### How to complete this task
Only the pictures are to be dropped, and the rest of the data should be copied exactly.
START Input data
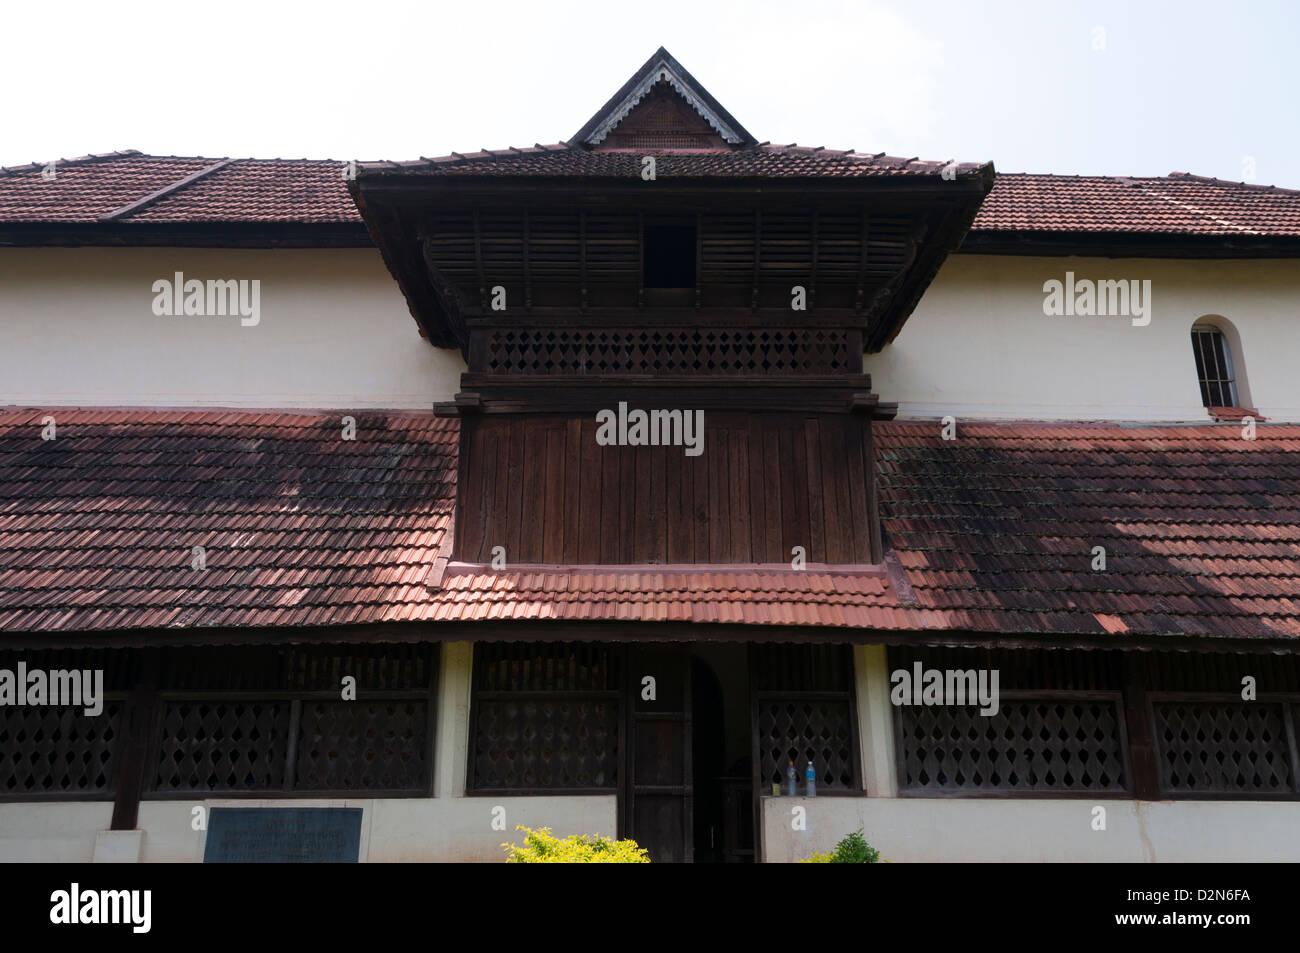 Traditional Kerala Roof Stock Photos Amp Traditional Kerala
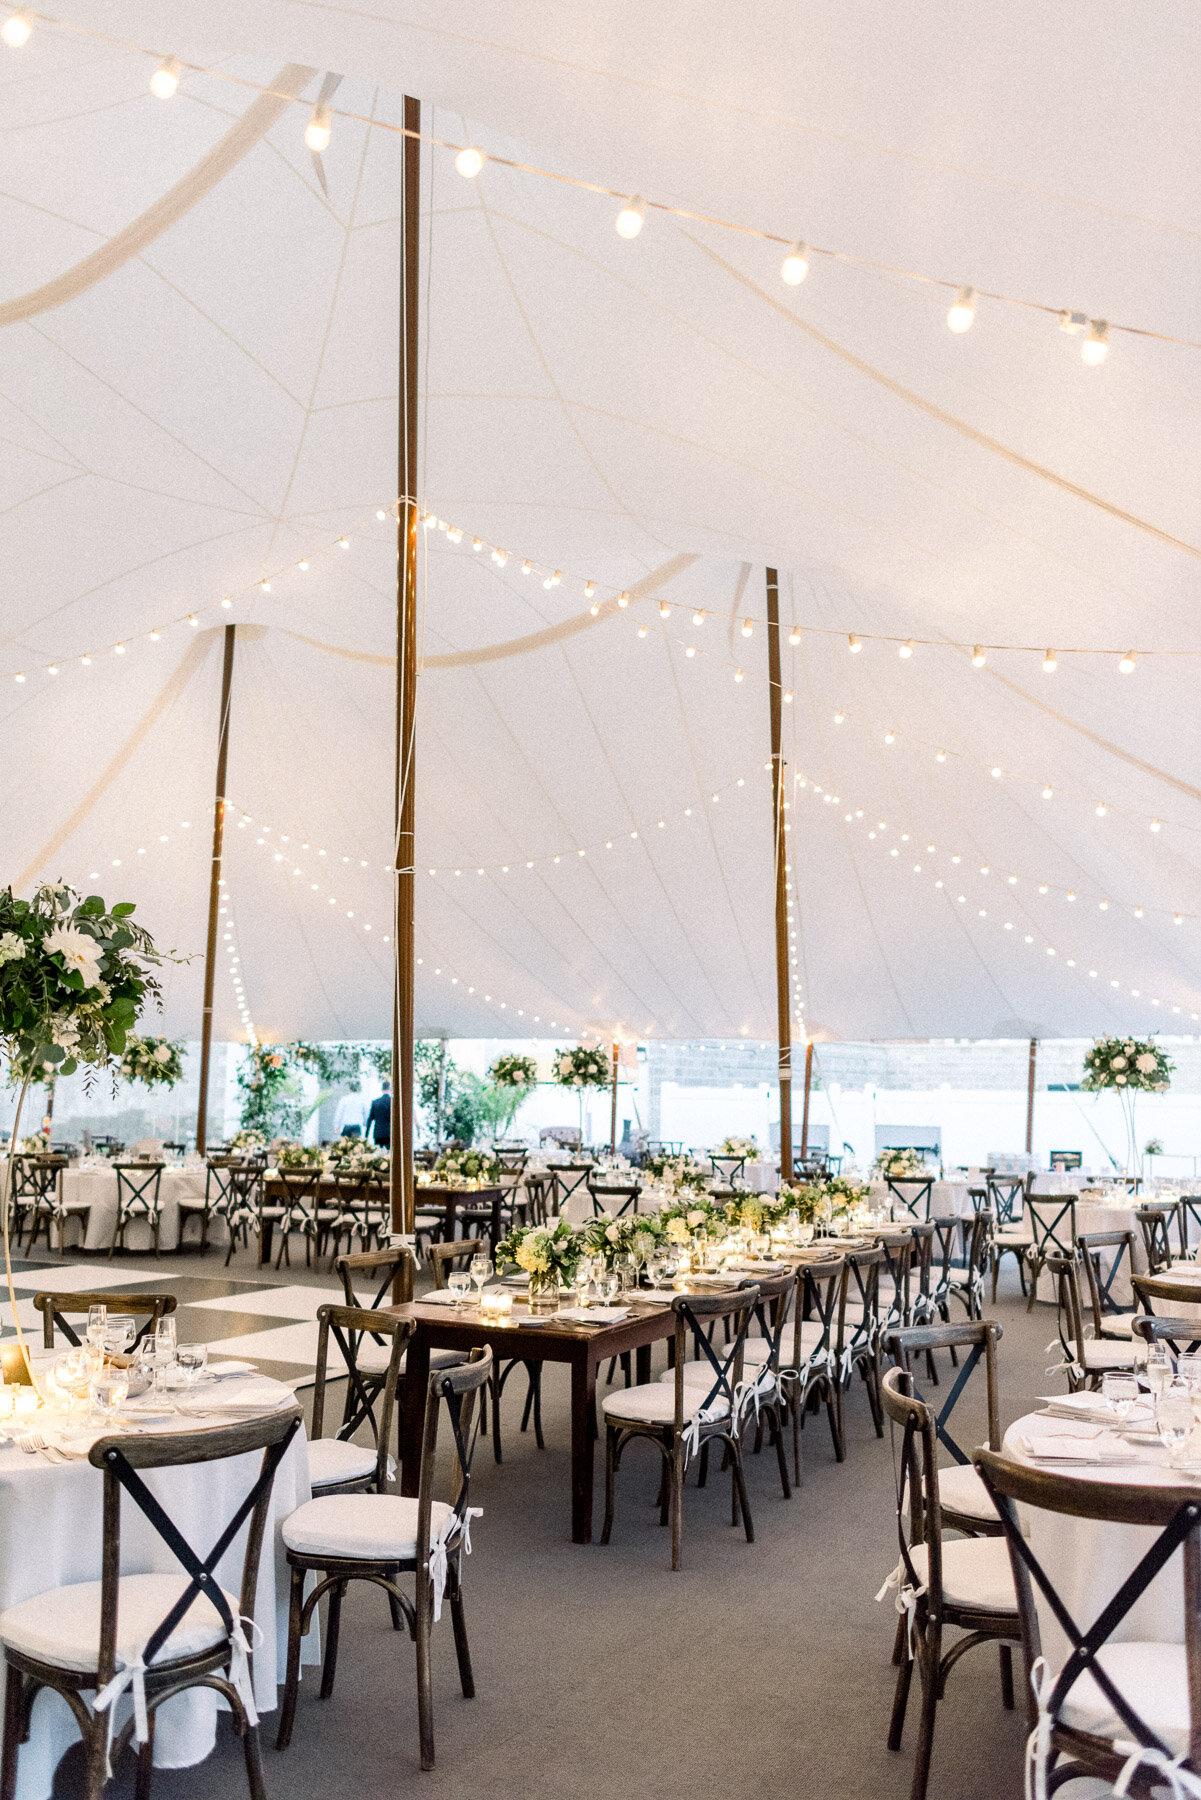 Sailcloth tent Adelphi Hotel Wedding Saratoga Springs NY
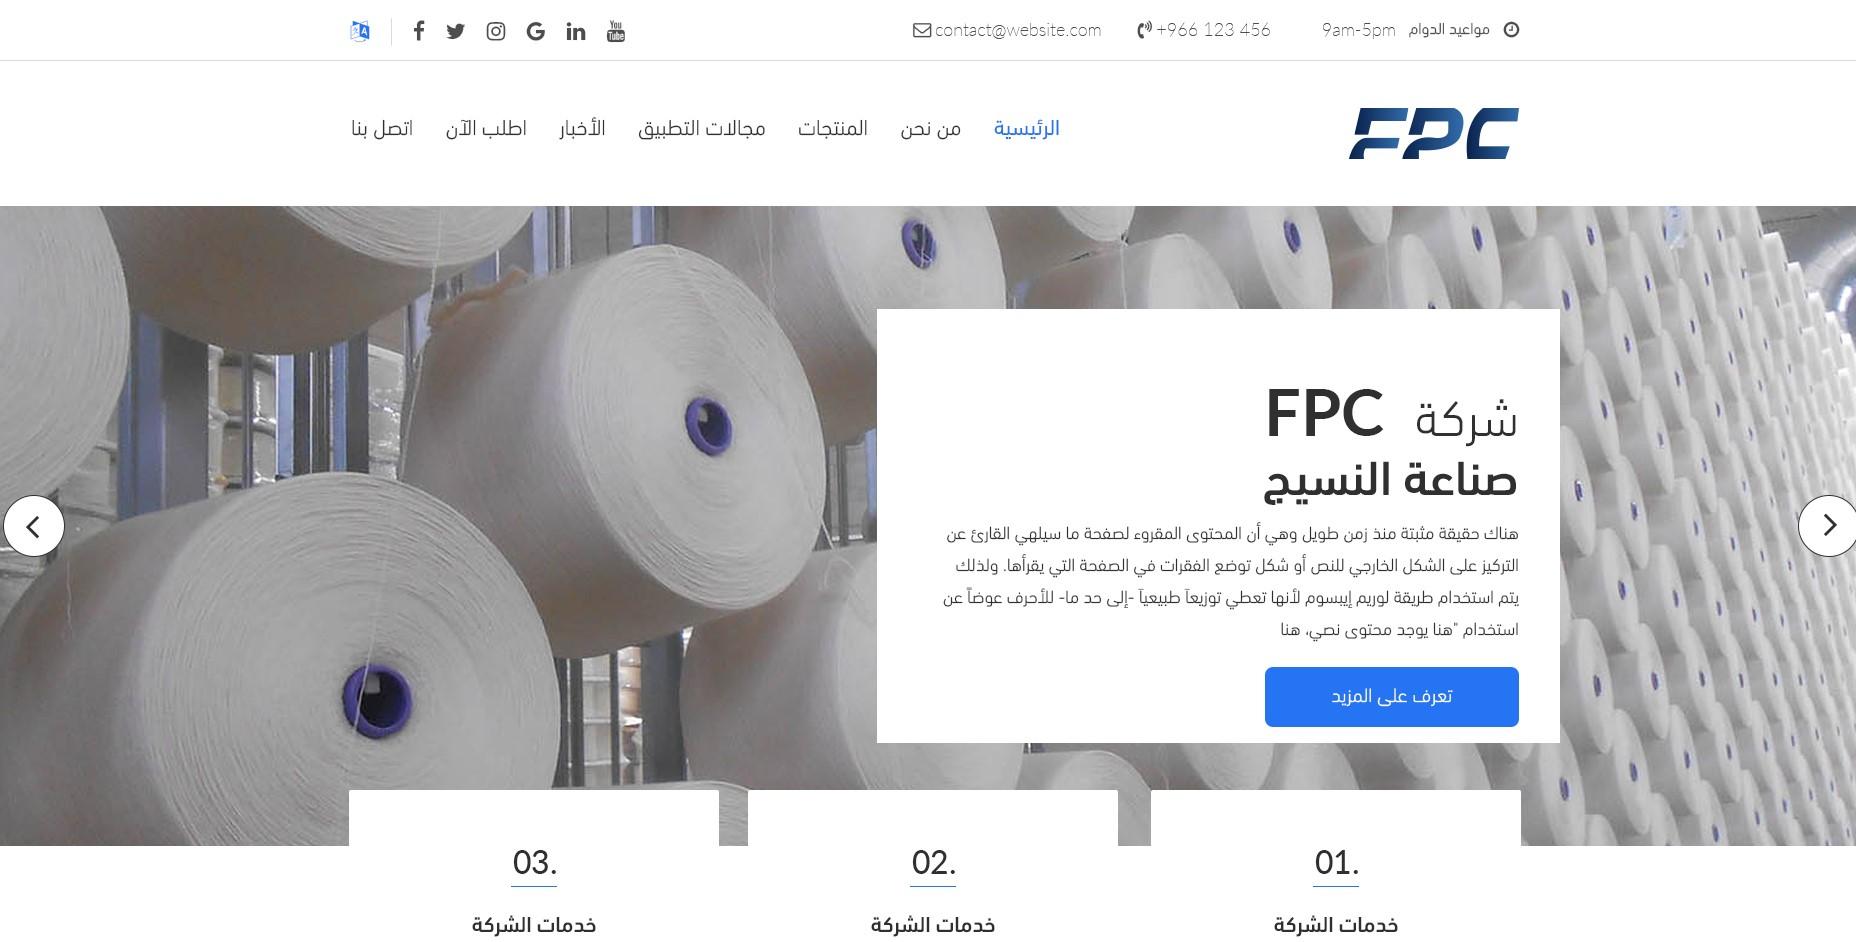 FPC website
END Input data
### Result of the exercise
 Traditional Kerala Roof Stock Photos Amp Traditional Kerala
 Sailcloth tent Adelphi Hotel Wedding Saratoga Springs NY
 FPC website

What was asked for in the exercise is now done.